I could be convinced either way on small strings. I like that they can't be used to attack the secret. At the same time, I worry that combining 2 different hashing routines into the same output space may introduce unexpected collisions and other difficult to debug edge-case conditions. It also means that the order of the hashes of long strings will vary while the order of short strings will not - another inconsistency which will encourage bugs.

Thank you Victor for the improvements to the python demonstration code.
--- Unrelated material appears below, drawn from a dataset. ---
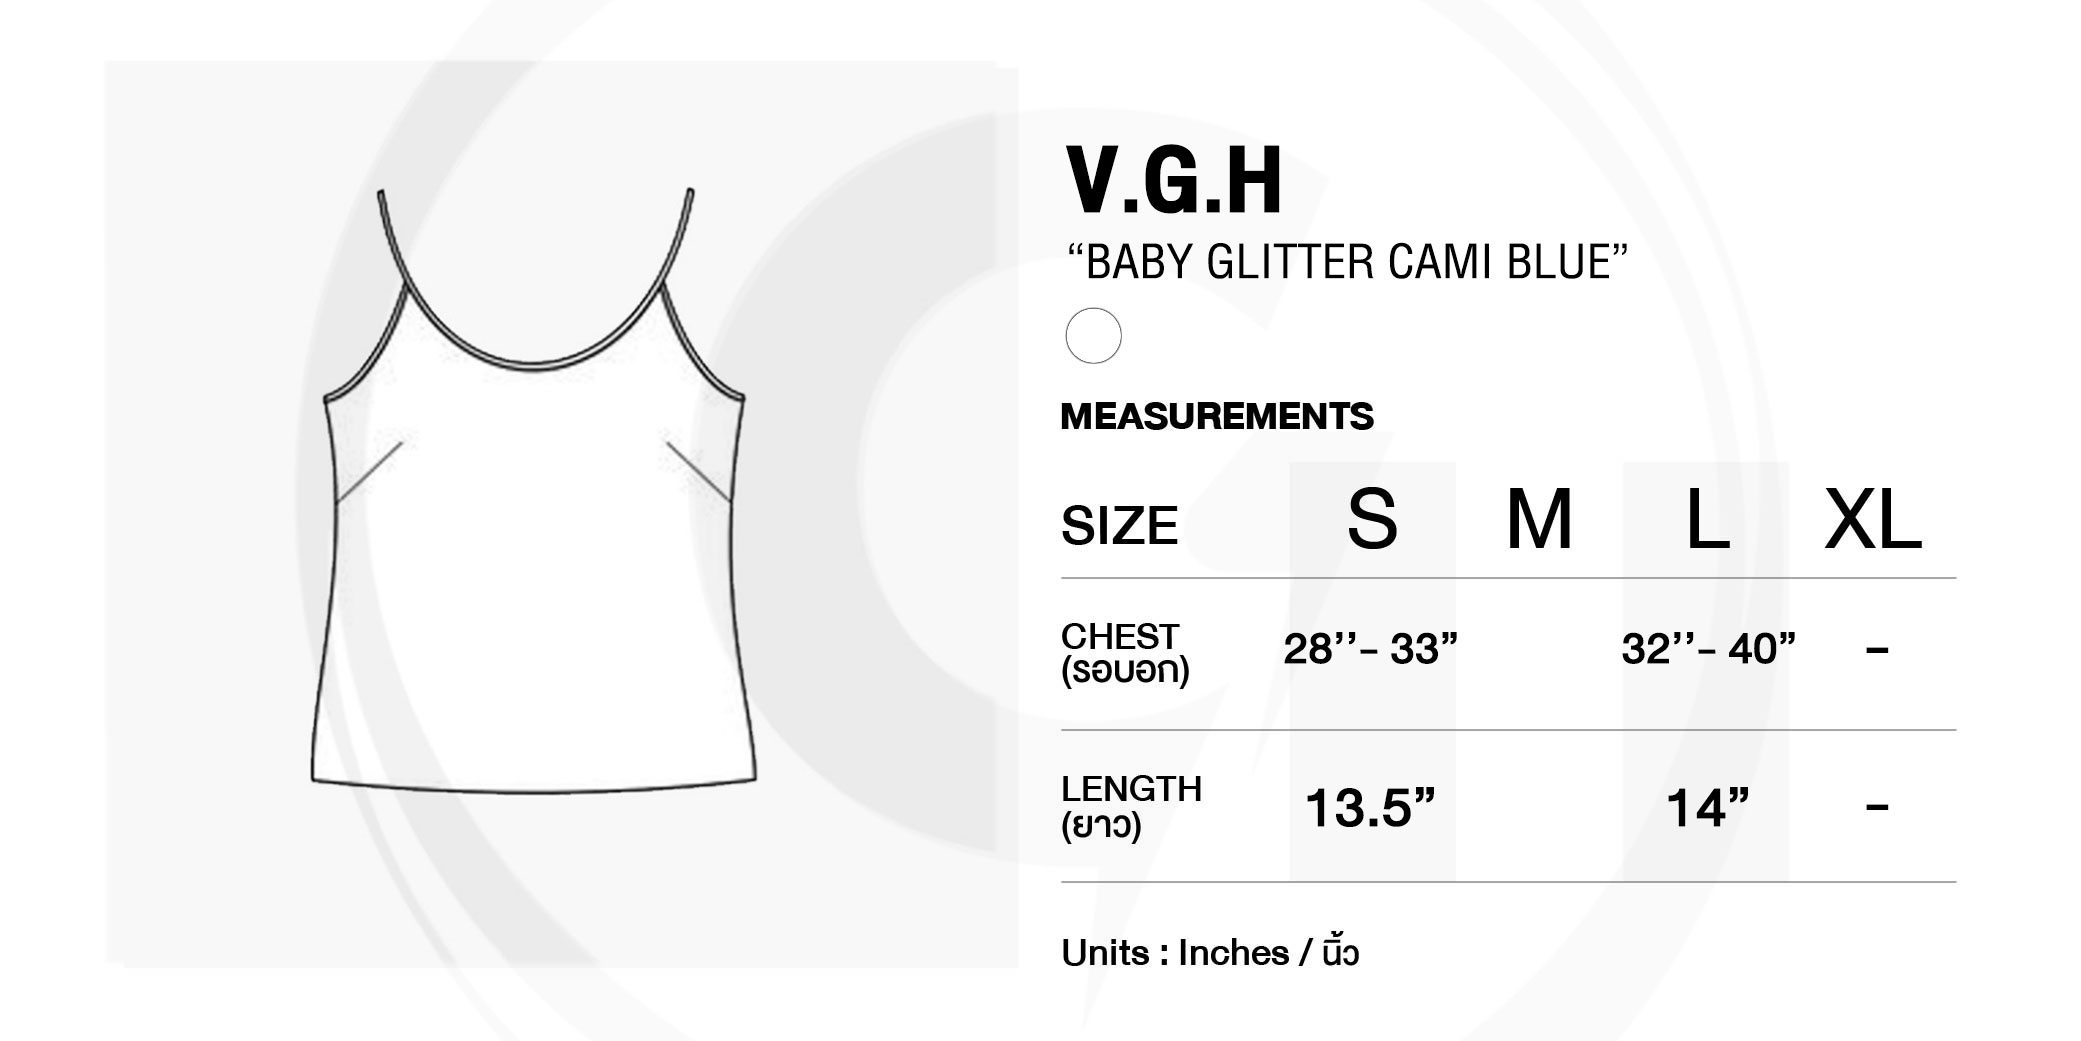 V.G.H BABY GLITTER CAMI BLUE

As Antoine said, it's only demo code, but better demo code is always good.

Antoine: That section of the manpage is referring to the overall security of a key generated using urandom. 256 bits is overkill for this application. We could take 256 bits and use them to generate a key using a cryptographically appropriate algorithm, but it's simpler to read more bits and use them directly as the key.

Additionally, that verbiage has been in the man page for urandom for quite some time (probably since the earliest version in the mid 90's). The PRNG has been improved since then.
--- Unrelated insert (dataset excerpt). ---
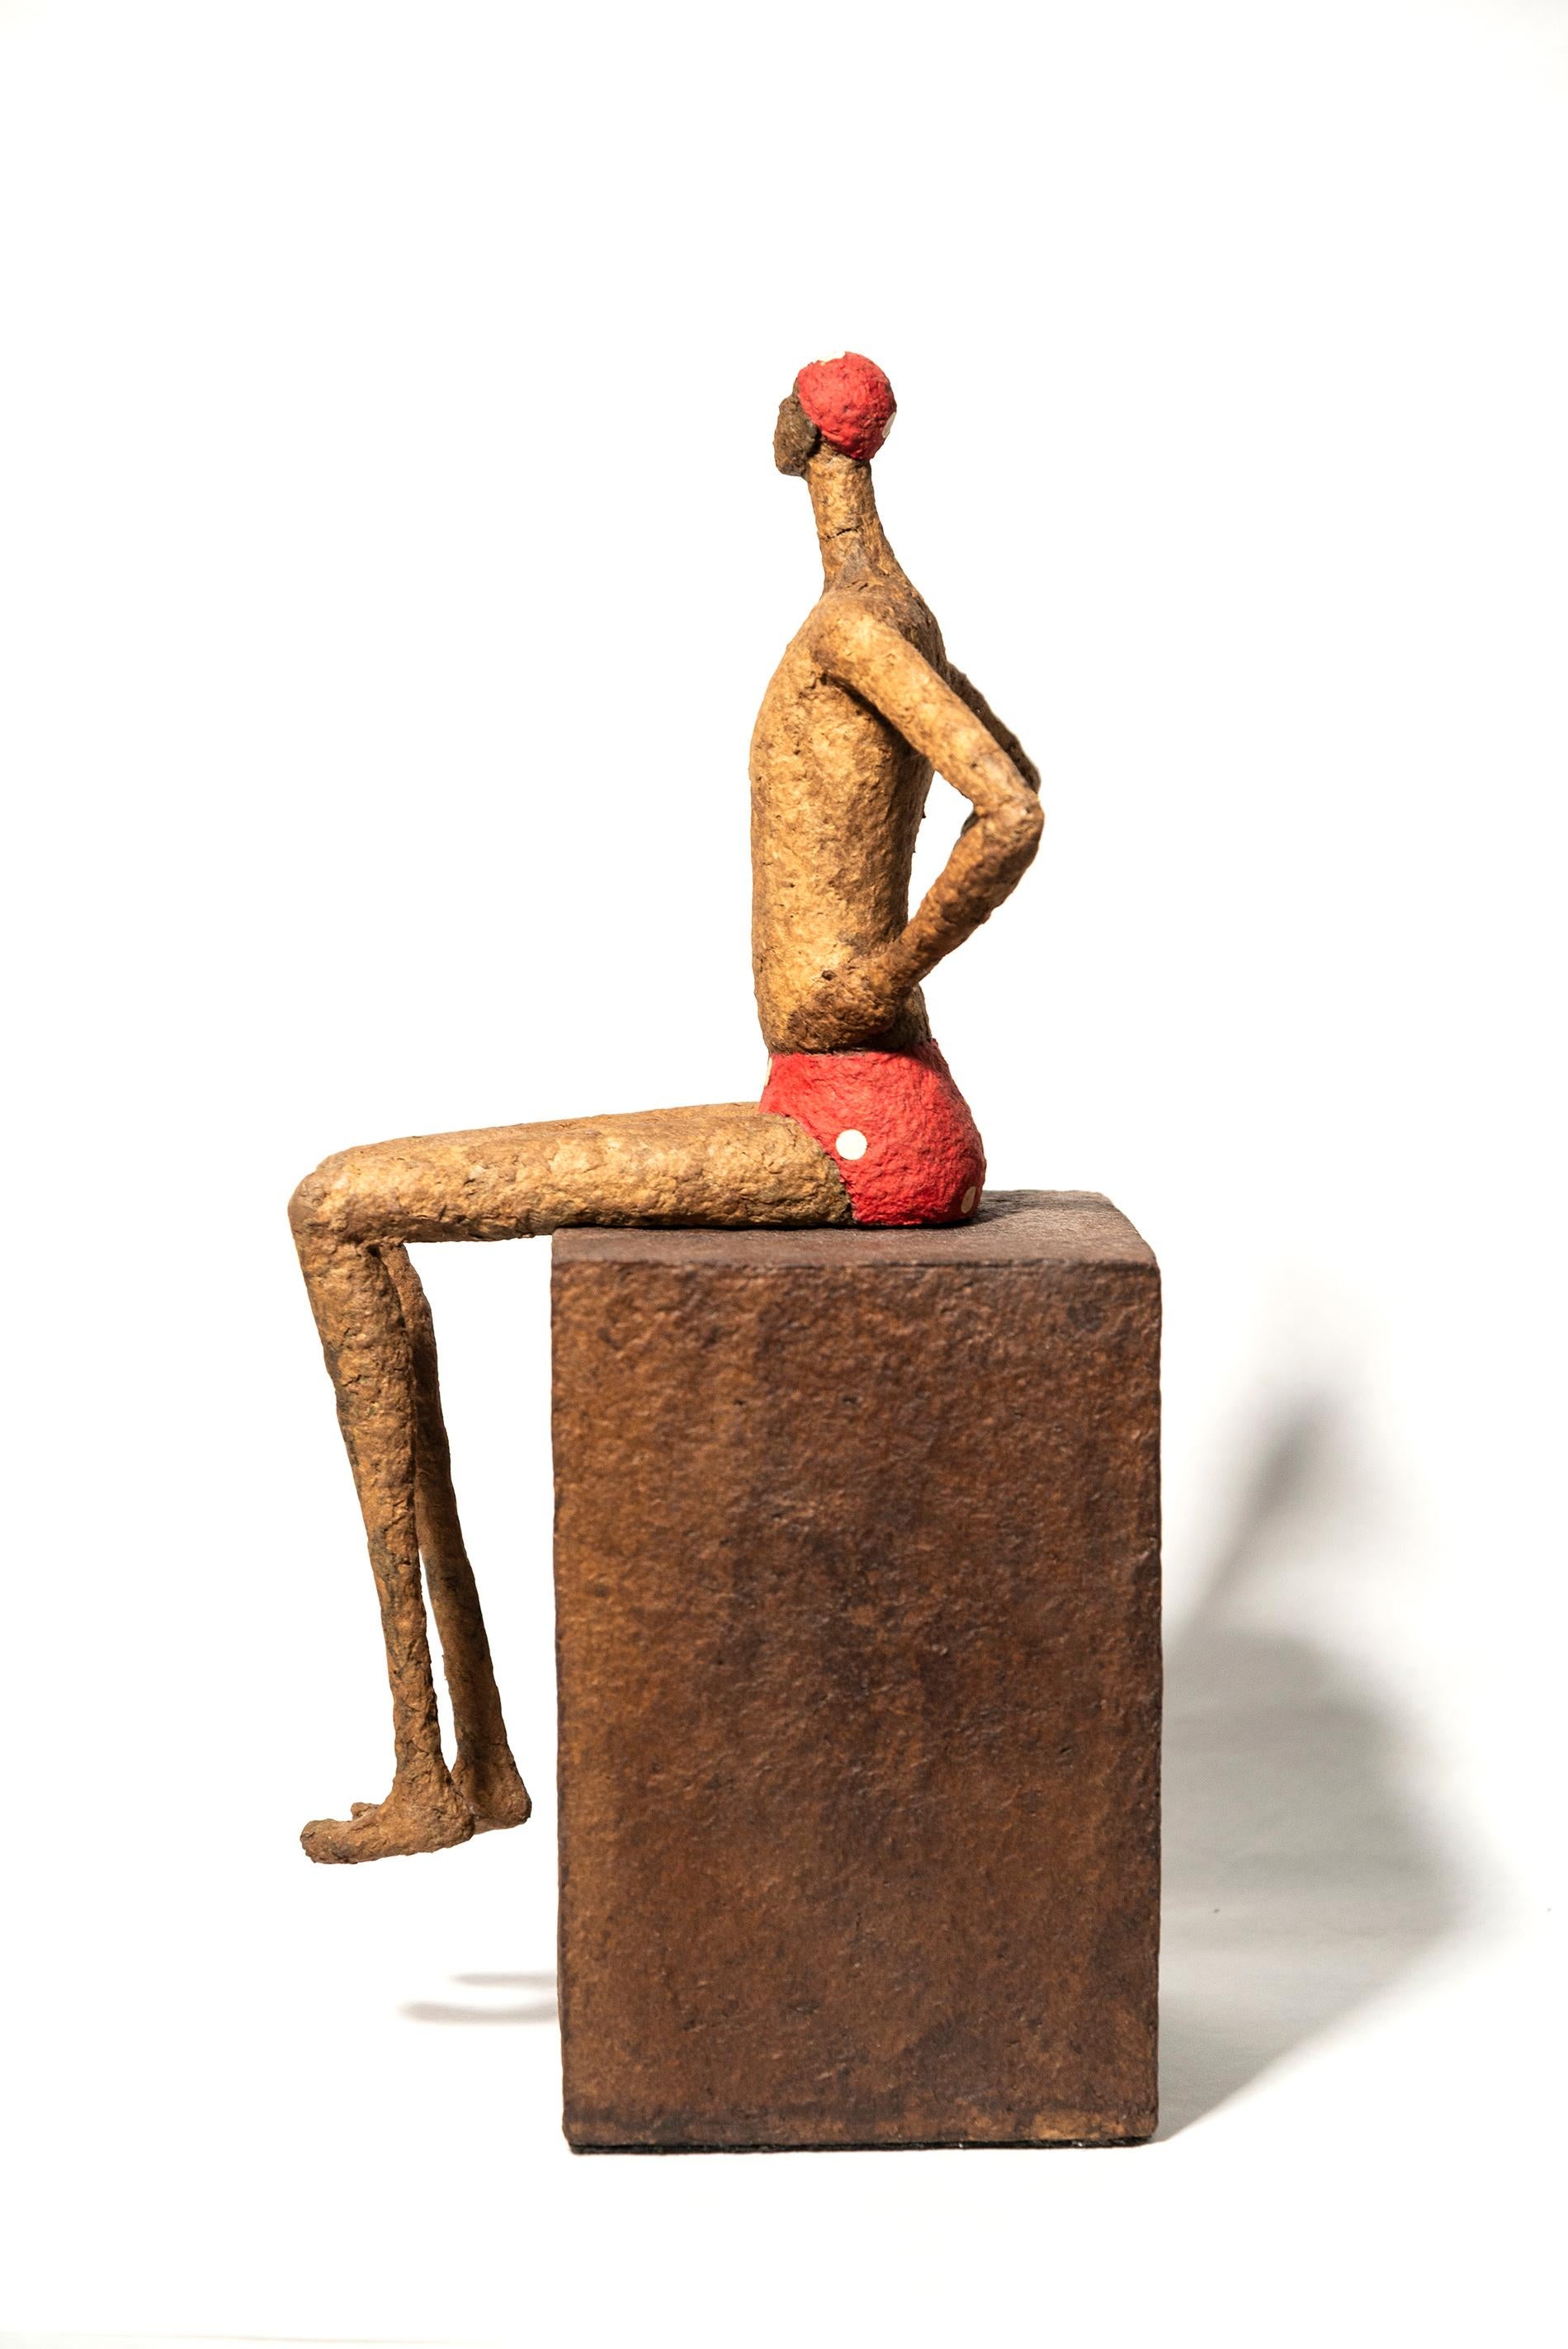 Baigneur à pois (Polka dot Swimmer) - figurative, male, paper mache sculpture For Sale 2

Minimum length of r is a hard question. The shorter it is, the higher the correlation of the output. In my tests, 16kb was the amount necessary to generally do reasonably well on my test suite for randomness even with problematic input. Obviously our existing output isn't random, so it doesn't pass those tests at all. Using a fairly small value (4k) should not make the results much worse from a security perspective, but might be problematic from a collision/distribution standpoint. It's clear that we don't need cryptographically good randomness here, but passing the test suite is not a bad thing when considering the distribution.
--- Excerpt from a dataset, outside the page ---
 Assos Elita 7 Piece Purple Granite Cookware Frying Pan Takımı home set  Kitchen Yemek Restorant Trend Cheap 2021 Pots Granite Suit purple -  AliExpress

When we settle on a C implementation, I'd like to run it through the smhasher set of tests to make sure we aren't making distribution worse, especially for very small values of r.

pitrou · 2012-01-04T11:03:00Z

Using a fairly small value (4k) should not make the results much worse
from a security perspective, but might be problematic from a
collision/distribution standpoint.

Keep in mind the average L1 data cache size is between 16KB and 64KB. 4KB is already a significant chunk of that.

Given a hash function's typical loop is to feed back the current result into the next computation, I don't see why a small value (e.g. 256 bytes) would be detrimental.

merwok · 2012-01-04T14:52:26Z

If test_packaging fails because it relies on dict order / hash details, that’s a bug. Can you copy the full tb (possibly in another report, I can fix it independently of this issue)?

warsaw · 2012-01-04T15:08:36Z

On Jan 04, 2012, at 06:00 AM, Paul McMillan wrote:

Developers would be startled to find that ordering stays consistent on a 64
bit build but varies on 32 bit builds.

Well, one positive outcome of this issue is that users will finally viscerally
understand that dictionary (and set) order should never be relied upon, even
between successive runs of the same Python executable.

malemburg · 2012-01-04T16:42:05Z

Some comments:

The security implications in all this is being somewhat overemphasized.

There are many ways you can do a DoS attack on web servers. It's the
responsibility of the used web frameworks and servers to deal with
the possible cases.

It's a good idea to provide some way to protect against hash
collision attacks, but that will only solve one possible way of
causing a resource attack on a server.

There are other ways you can generate lots of CPU overhead with
little data input (e.g. think of targeting the search feature on
many Zope/Plone sites).

In order to protect against such attacks in general, we'd have to
provide a way to control CPU time and e.g. raise an exception if too
much time is being spent on a simple operation such as a key insertion.
This can be done using timers, signals or even under OS control.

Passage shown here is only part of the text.